Airlines PNG Flight 4684 (CG4682/TOK4684) was a scheduled domestic passenger flight operated by Papua New Guinean airliner Airlines PNG, flying from Jacksons International Airport in Papua New Guinea's capital Port Moresby to Kokoda Airport in Oro Province, Papua New Guinea. On 11 August 2009, the aircraft operating the flight, a de Havilland Canada Twin Otter, crashed into a forest in Kokoda Valley, a popular trekking site in Papua New Guinea, while carrying 13 people in bad weather. A search and rescue operation was conducted by authorities and found the wreckage of the crashed plane on the next day, 12 August 2009. The aircraft was severely damaged, and searchers found no signs of life.

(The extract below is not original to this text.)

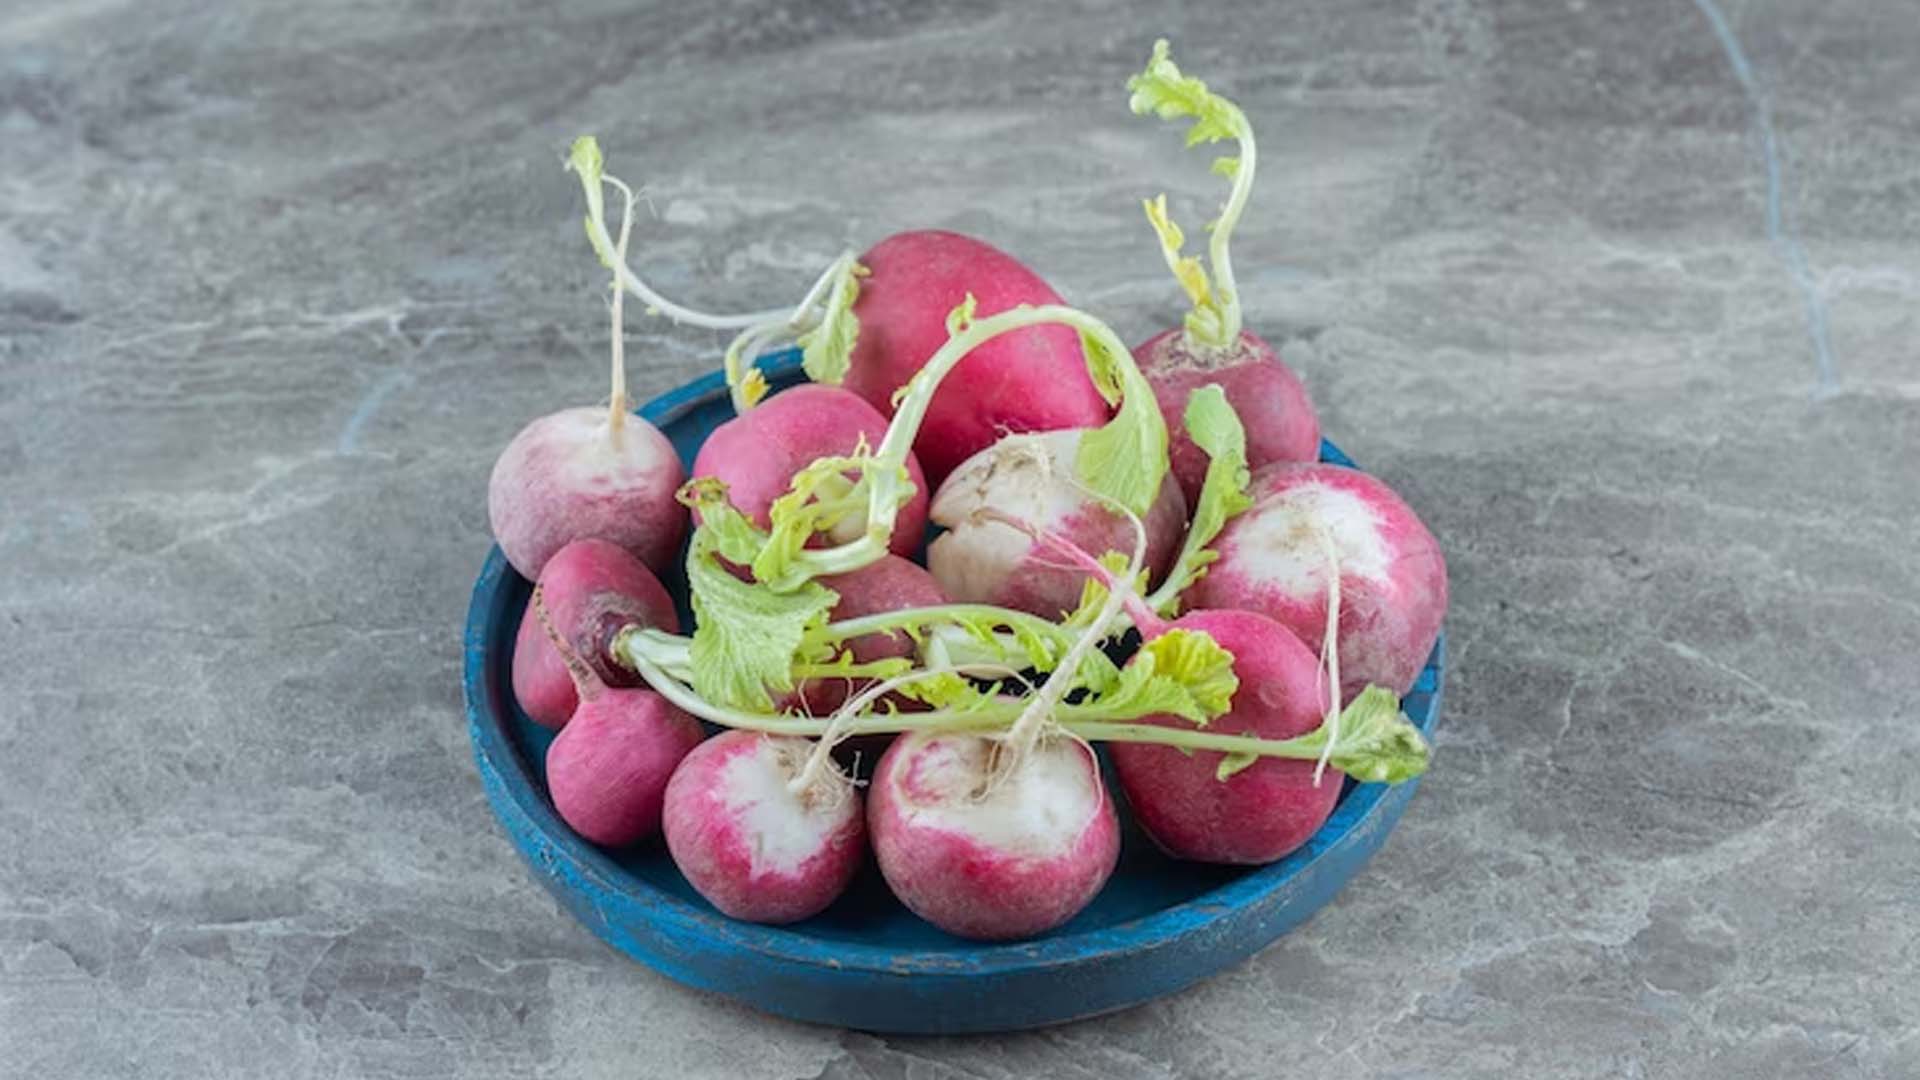 Health Benefits of Eating Turnips

Papua New Guinean Search and Rescue Agency then announced that everyone on board was killed instantly in the crash.

The Accident Investigation Commission (AIC) investigated the cause of the crash and released its final report, concluding that the plane crashed due to pilot error. The plane deviated from its original flight path and the visual reference in Kokoda Gap was obscured by clouds, causing the pilots to not be aware of their proximity with the ground. The AIC classified the accident as controlled flight into terrain.

Flight

The aircraft departed Jacksons International Airport at 10:50 am local time and reported to Jacksons Tower that they were climbing for 9,000 ft to Kokoda via the Kokoda Gap, with an estimated time of arrival at 11:20 am. At 11:11 am, while en route to Kokoda and on descent in Kokoda Gap, the crew of Flight 4684 conversed with the crew of an aircraft, registered P2-KST, which was departing from Kokoda. There was no indication that the crew of Flight 4684 had any problems with their aircraft. Inside the ATC recording, the crew was heard saying "Thank you very much, morning long you". This was the last communication of Flight 4684.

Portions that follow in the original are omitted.